Comedy [relocated]: Throughout the unpleasantness, comedy is one of the main artforms that's been desperately trying to keep things going, and I wrote about some of my favourite online shows back in May. But audiences and comics both know that, much like with dance music, comedy thrives best in the live communal experience. So hooray for The New Normal, a just-finished festival of performing arts held in the ravishingly spaced-out open courtyard of the Royal Victoria Patriotic Building in Wandsworth.

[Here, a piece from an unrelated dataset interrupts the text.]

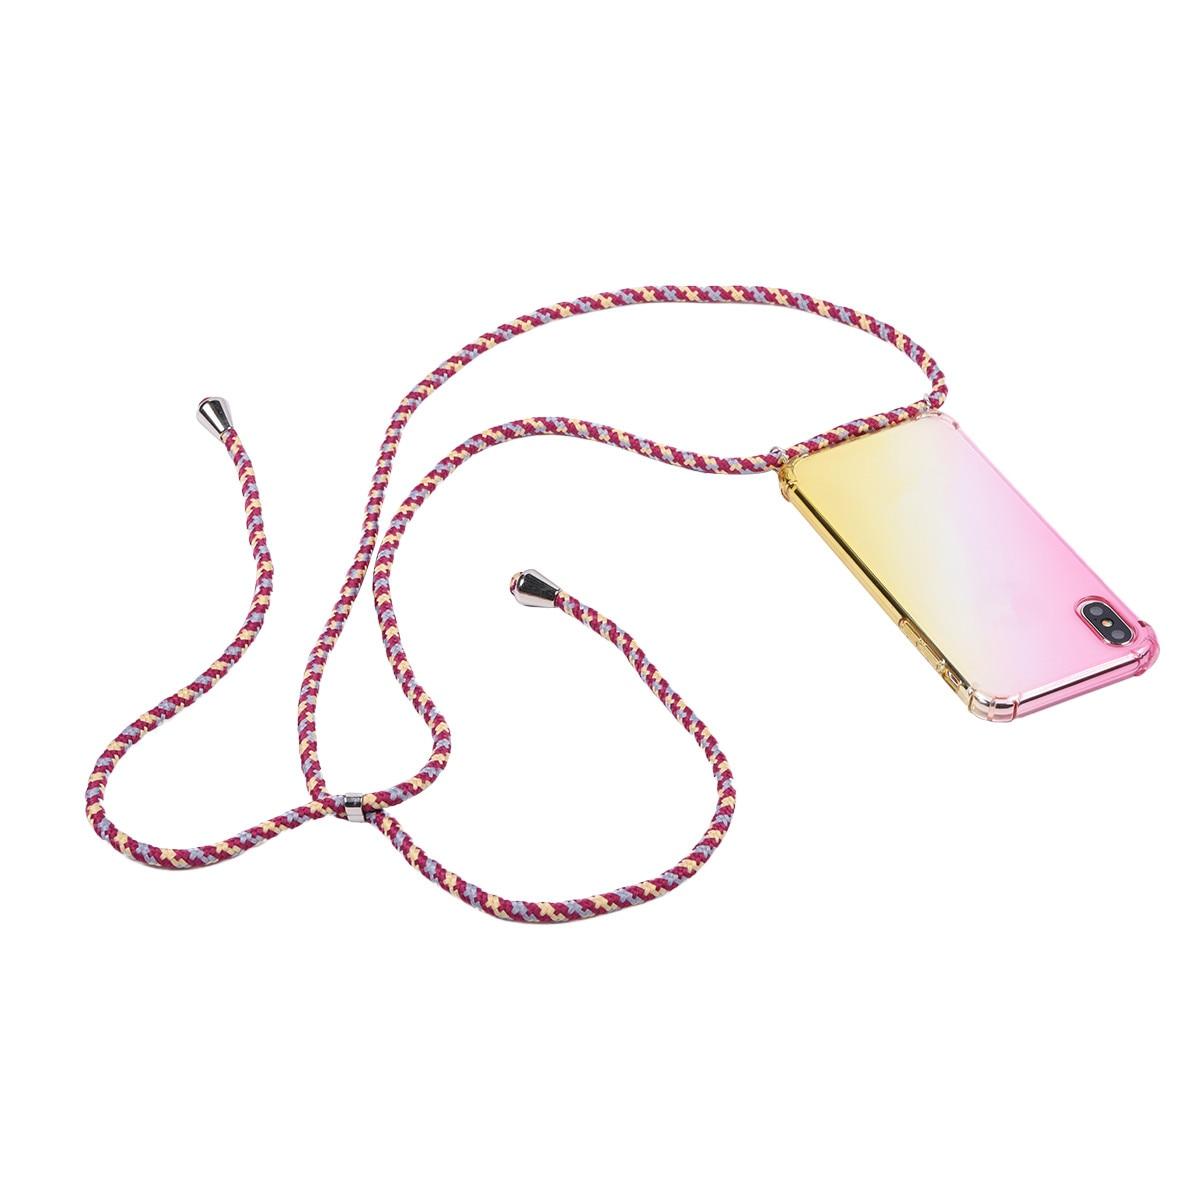 Радужный прозрачный чехол aurora для Samsung Galaxy S10 S10E S9 S8 plus S7 Edge note 10 9 8 ремешок на плечо шнур чехол|Специальные чехлы|   | АлиЭкспресс
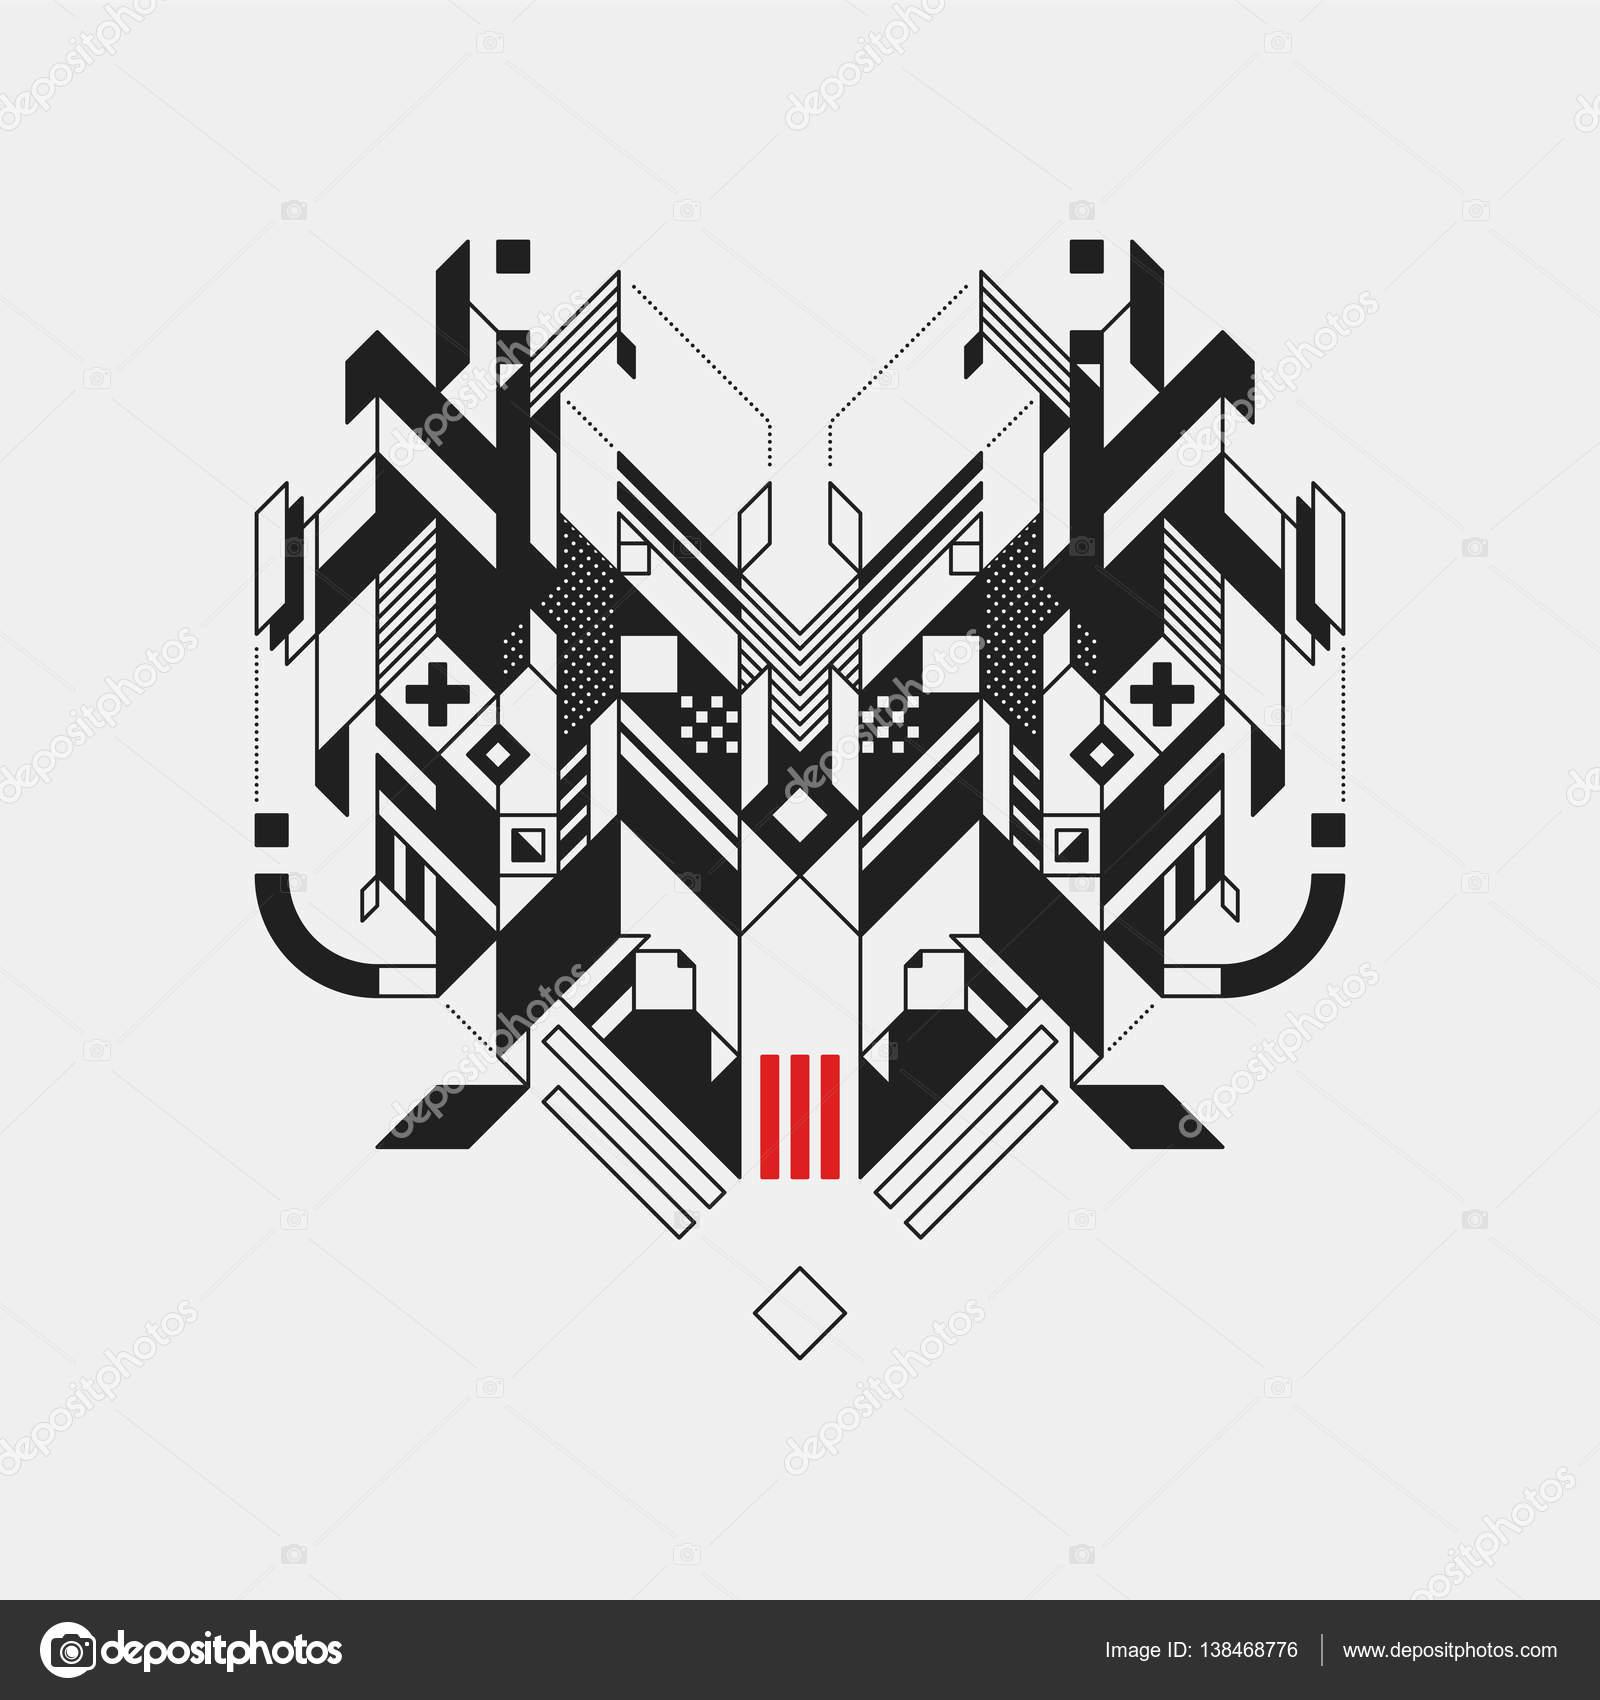 Connu de conception géométrique abstraite sur fond blanc. Design  JT56

A quick skim of the programme confirmed your suspicions - it's a festival of acts that would have been at the Edinburgh Fringe this year, but aren't. The festival had theatre, music, magic, lots and lots of improvised sketch troupes, and - courtesy of our mates at Good Ship Comedy, who normally operate out of a pub in Camden - two nights of standup, hosted by regular compere Ben van der Velde. The night we caught attended had a ridiculously strong bill of Sara Pascoe, Nathan Caton and Jessica Fostekew, all of whom looked as delighted to be performing in front of a real audience as we were to hear them. (Fostekew described her recent experience of performing at one of those newly-fashionable drive-in shows, where the only way people can express their amusement is by honking their horns, a sound that in every other circumstance we interpret as meaning 'LOOK OUT YOU'RE GOING TO DIE'. Laughter just works better.) Good Ship Comedy are looking to restart actual gigs in an actual room from September 7th, and it'll be interesting to see how that pans out.